Genuine question. It seems like a topic that isn’t discussed in-depth often anywhere I can find online.
To be clear, I’m talking about technocracy as in policies are driven by those with the relevant skills (instead of popularity, skills in campaigning, etc.).
So no, I don’t necessarily want a mechanical engineer for president. I do want a team of economists to not tank the economy with tariffs, though.
And I do want a social scientist to have a hand in evaluating policy ideas by experts. A psychologist might have novel insights into how to improve educational policy, but the social scientist would help with the execution side so it doesn’t flop or go off the rails.
The more I look at successful organizations like J-PAL, which trains government personnel how to conduct randomized controlled trials on programs (among other things), the more it seems like we should at least have government officials who have some evidence base and sound reasoning for their policies. J-PAL is the reason why several governments scaled back pilots that didn’t work and instead allocated funds to scale programs that did work.

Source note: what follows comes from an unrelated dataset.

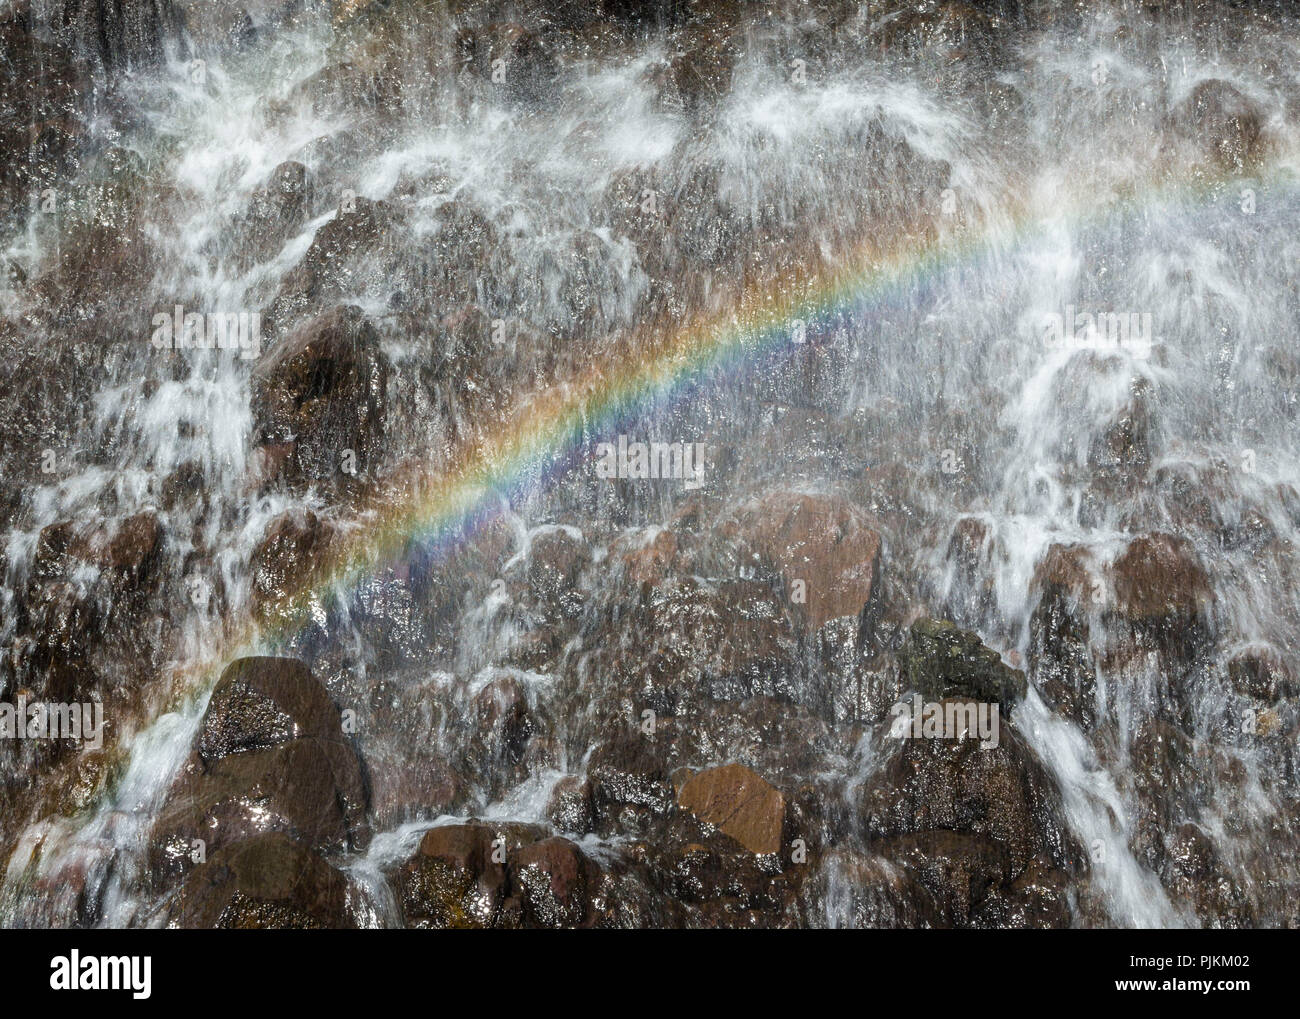 Iceland, waterfall, detail with rainbow, splashing water, red stones Stock Photo

It may be described as that on paper, but in our reality what it seems to translate into is the tech CEOs making policy decisions, and all those that have actually been proposed are just regulation cuts that benefit their particularly company or industry and actively harm everyone else. So, yeah, thats bad.
Yeah, I agree that’s an issue. In a way, Americans are experiencing that live, today.
What about a variant of technocracy that accounts for conflicts of interest?
I dont believe in hierarchy, so you lose me there. Decentralized government with a centralized education system is probably a good combination abstractly speaking.
Valid. Why do you think education should be the exception to decentralization?
We’ve seen decentralized education and it tends to have problems with resourcing and economies of scale, and content policies get easily hijacked by loud people with personal vendettas.
Pretty much, a lot of decentralization can have this problem. But our current state speaks plainly against centralization and even ours was supposed to be separated to a degree.
That would be something like an AI technocracy where the AI owns itself and is considered as a living human being for all intents and purposes.
If the AI’s continued existence was predicated on them ruling fairly and maximizing happiness without causing any kind of like asimovian technocratic exterminations, then you might have a chance at something working like that.
The problem is the people who think they are smart enough to pull off such a specific combination of events to make something like that possible are not smart enough to pull it off and will kill us all if given the opportunity.
That would be the ideal, but even without AI, you can still have a society that is more technocratic-leaning than it is now. It’s not like technocracies were historically impossible before AI existed.
I agree about the problem you mentioned. I would not trust someone who is proposing their AI will magically fix all of society’s problems.